Task to complete: Where the data below shows a picture, leave that picture out and copy the rest exactly.

Supplied data:

>>>>>

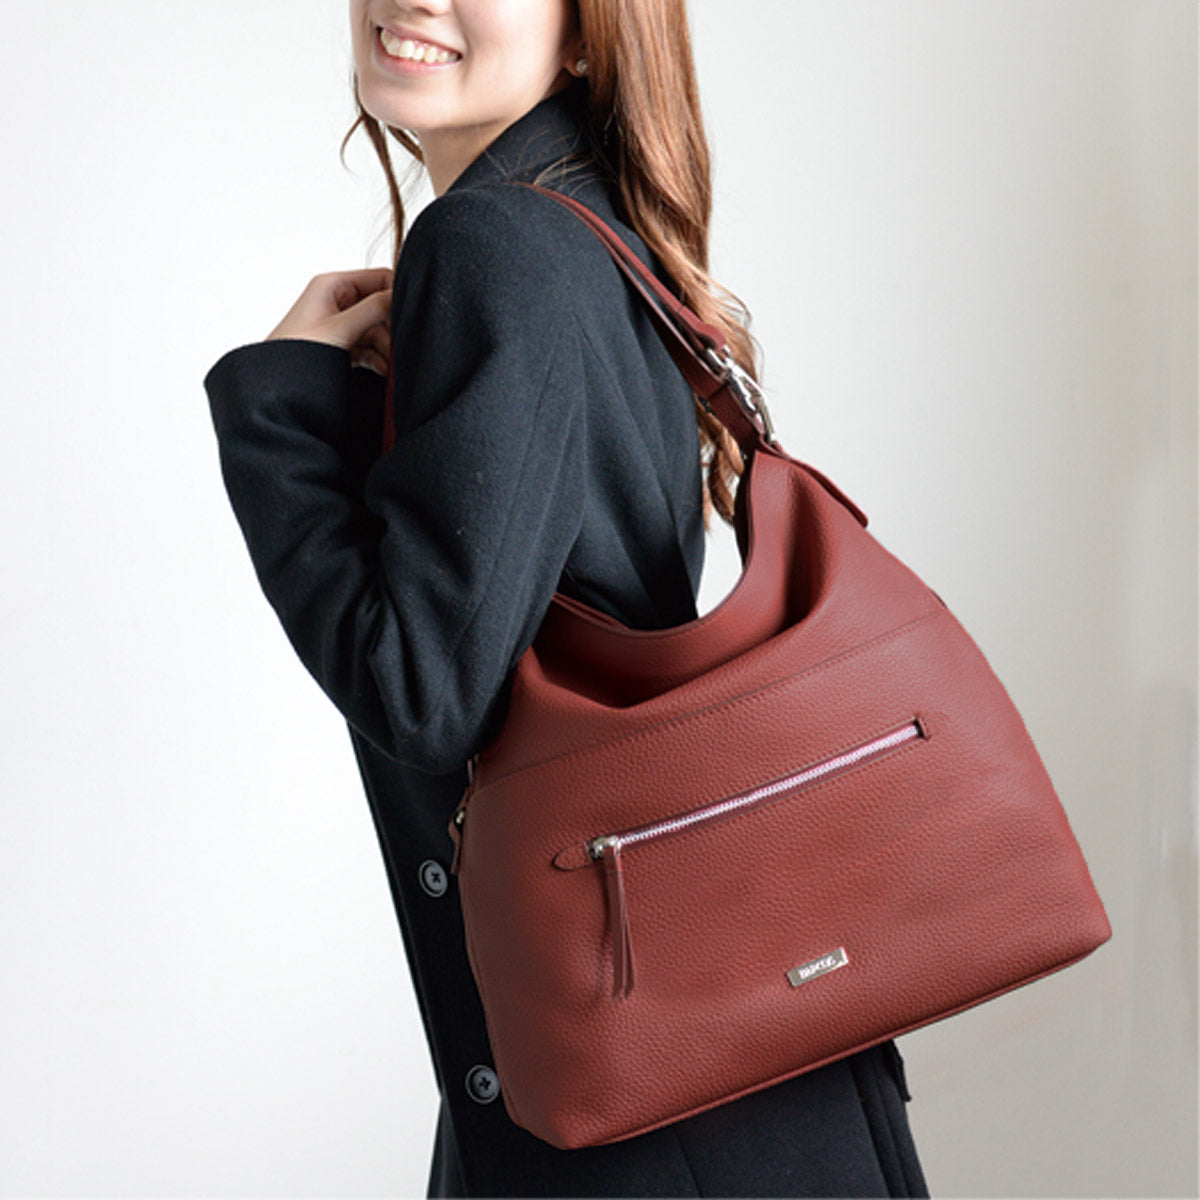 smiling japanese women carrying red leather shoulder bag
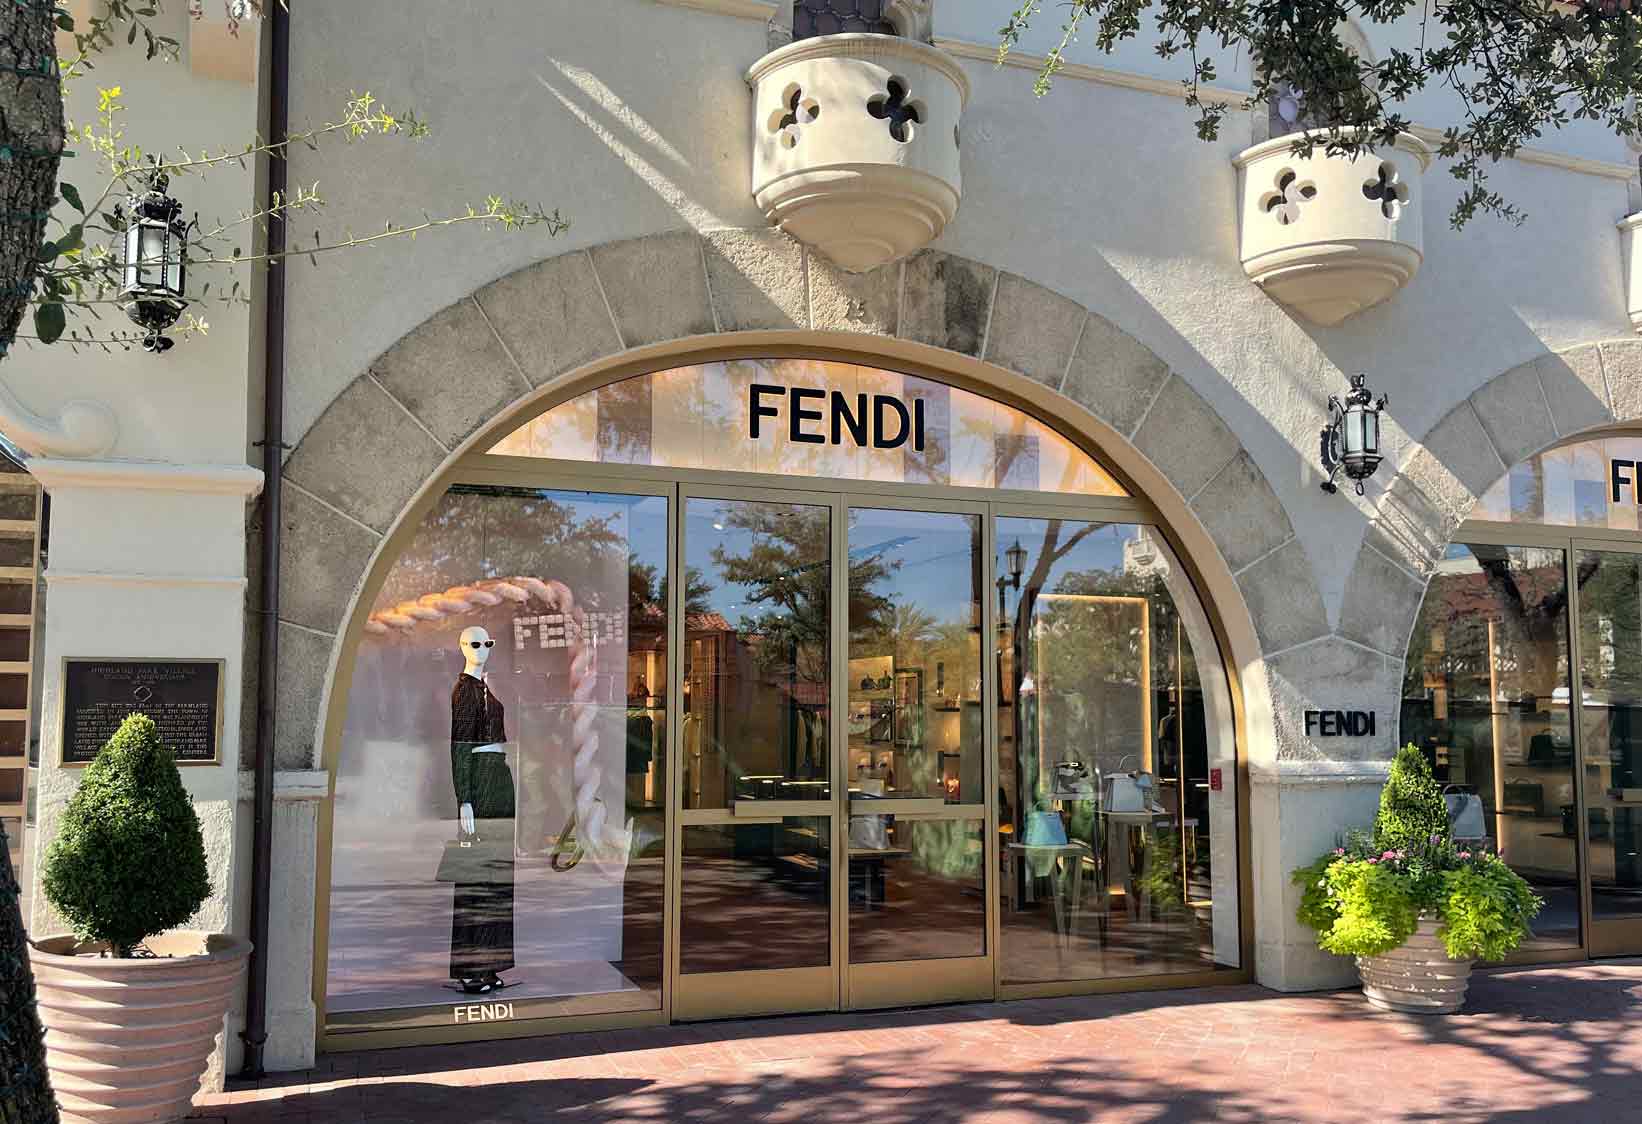 Fendi Store Front at Highland Park Village
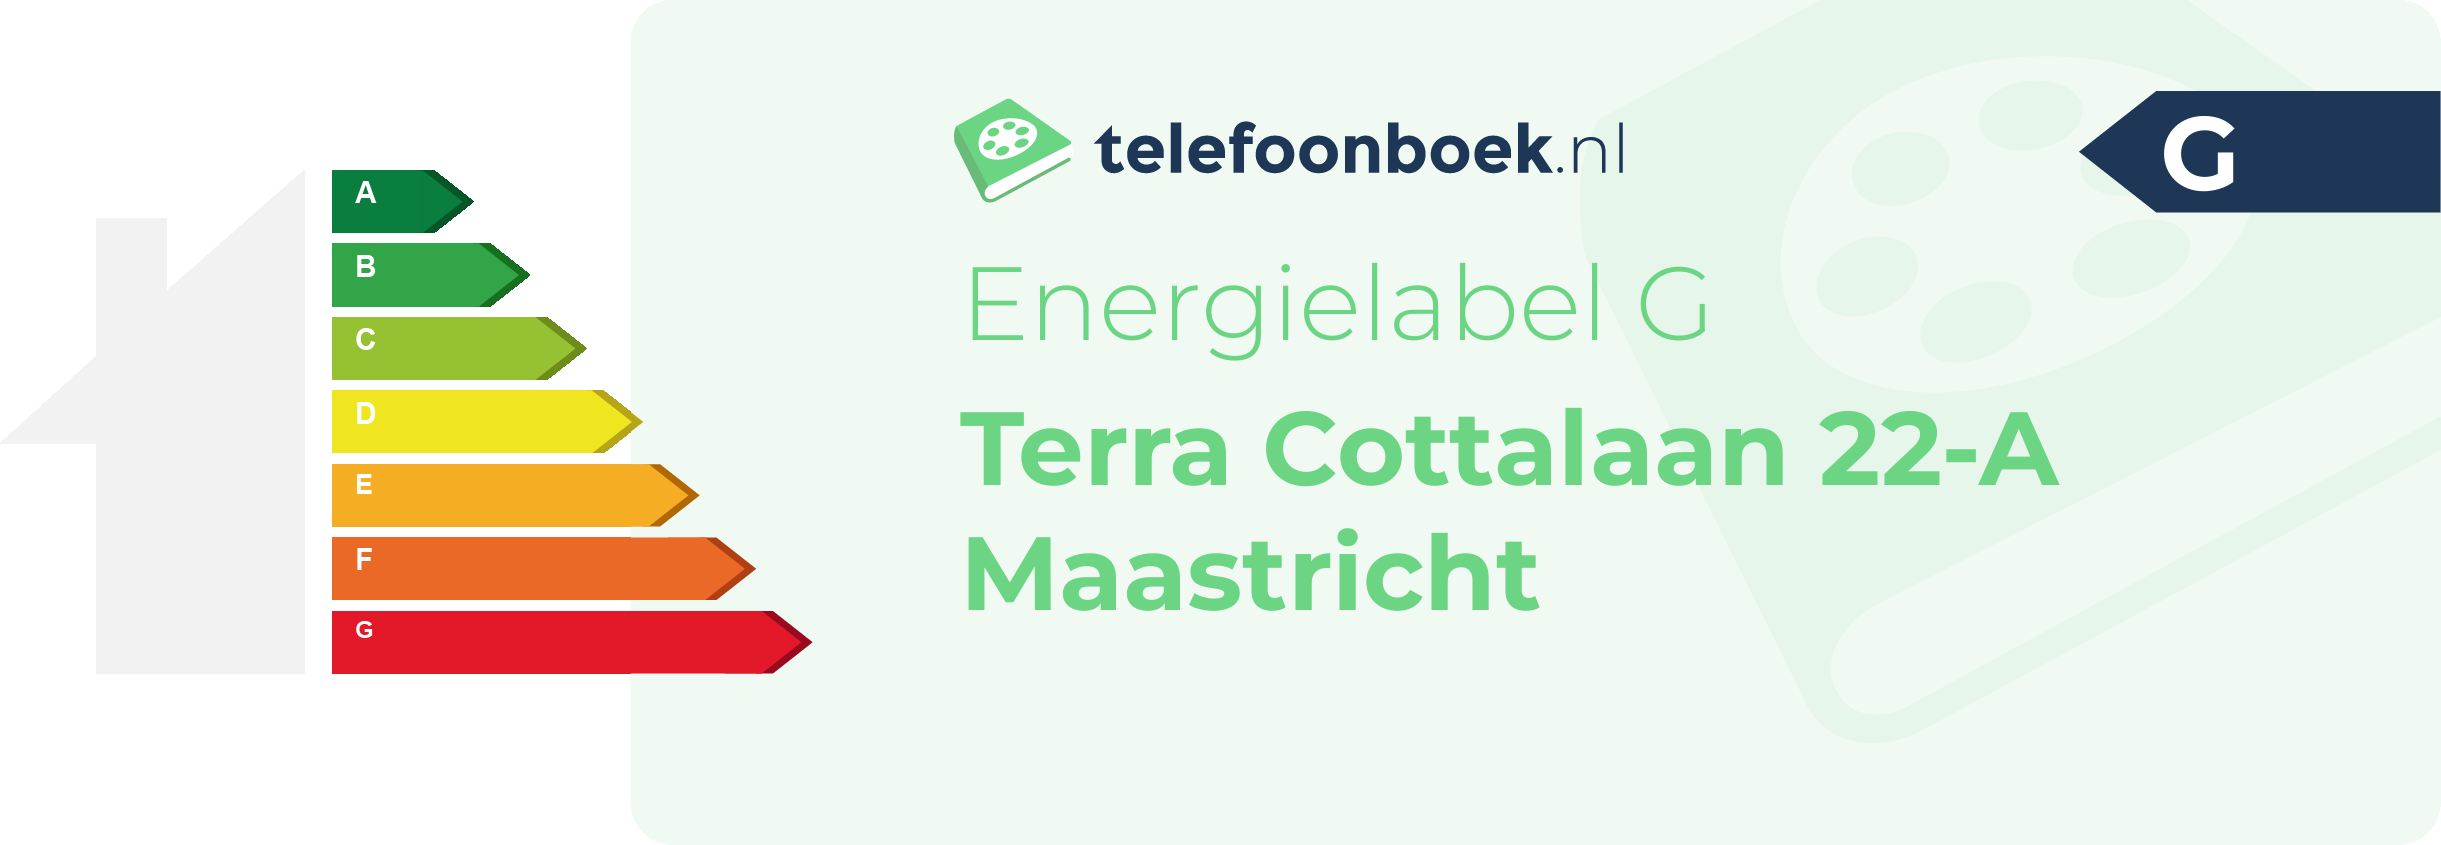 Energielabel Terra Cottalaan 22-A Maastricht
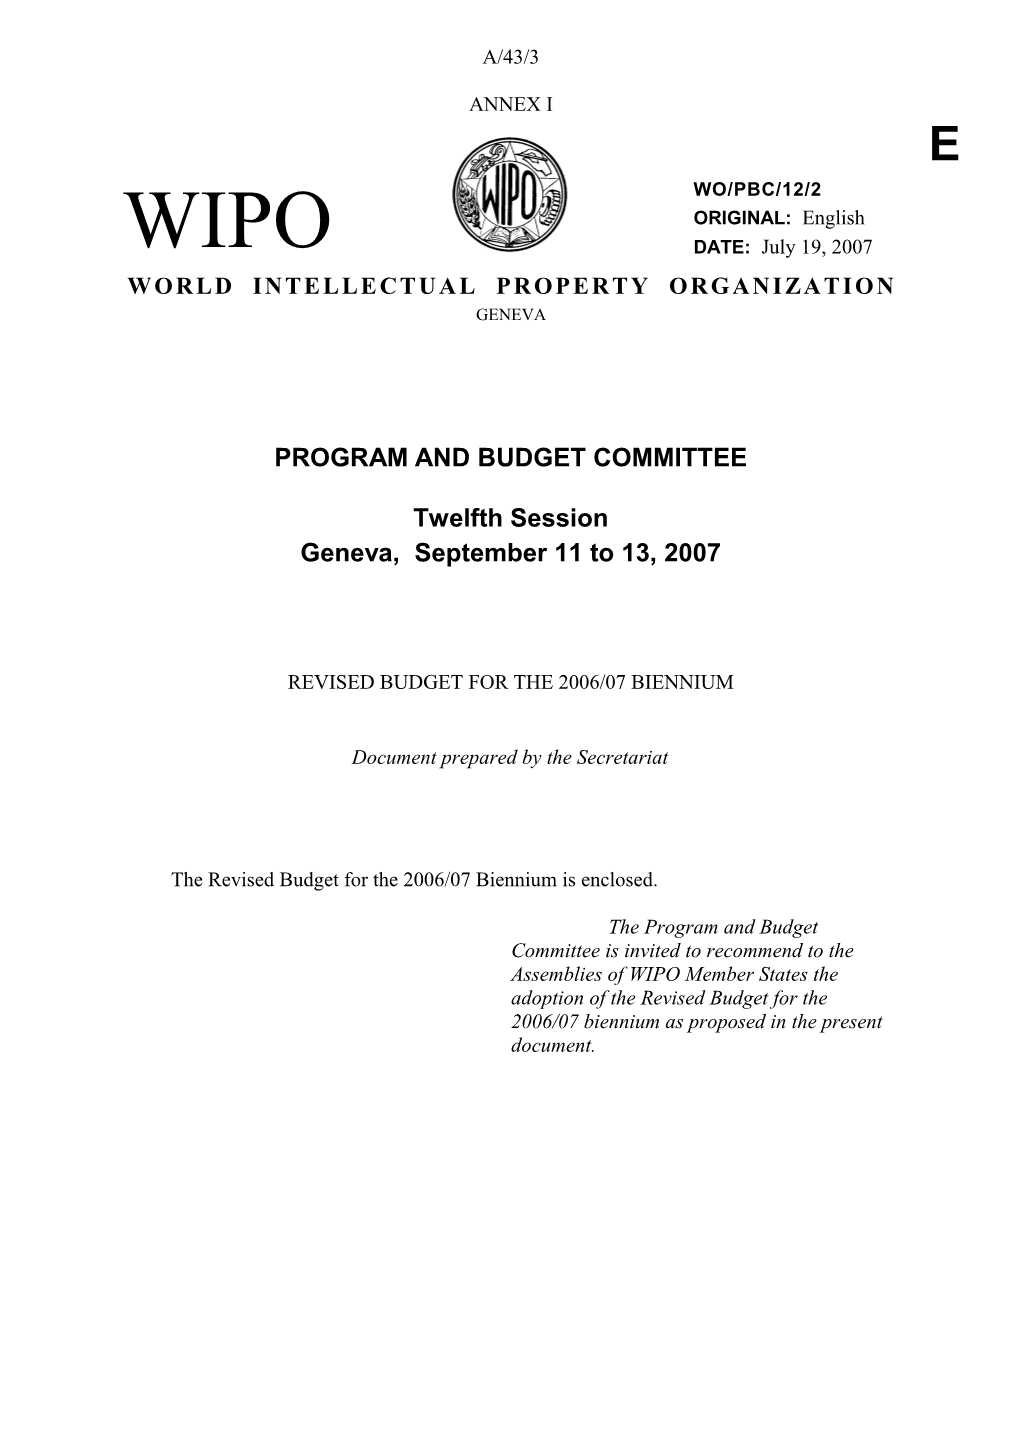 A/43/3: Revised Budget for the 2006/07 Biennium (Annex 1)

<<<<<

Solution for this task:
 smiling japanese women carrying red leather shoulder bag
 Fendi Store Front at Highland Park Village
 Energielabel Terra Cottalaan 22-A Maastricht
 A/43/3: Revised Budget for the 2006/07 Biennium (Annex 1)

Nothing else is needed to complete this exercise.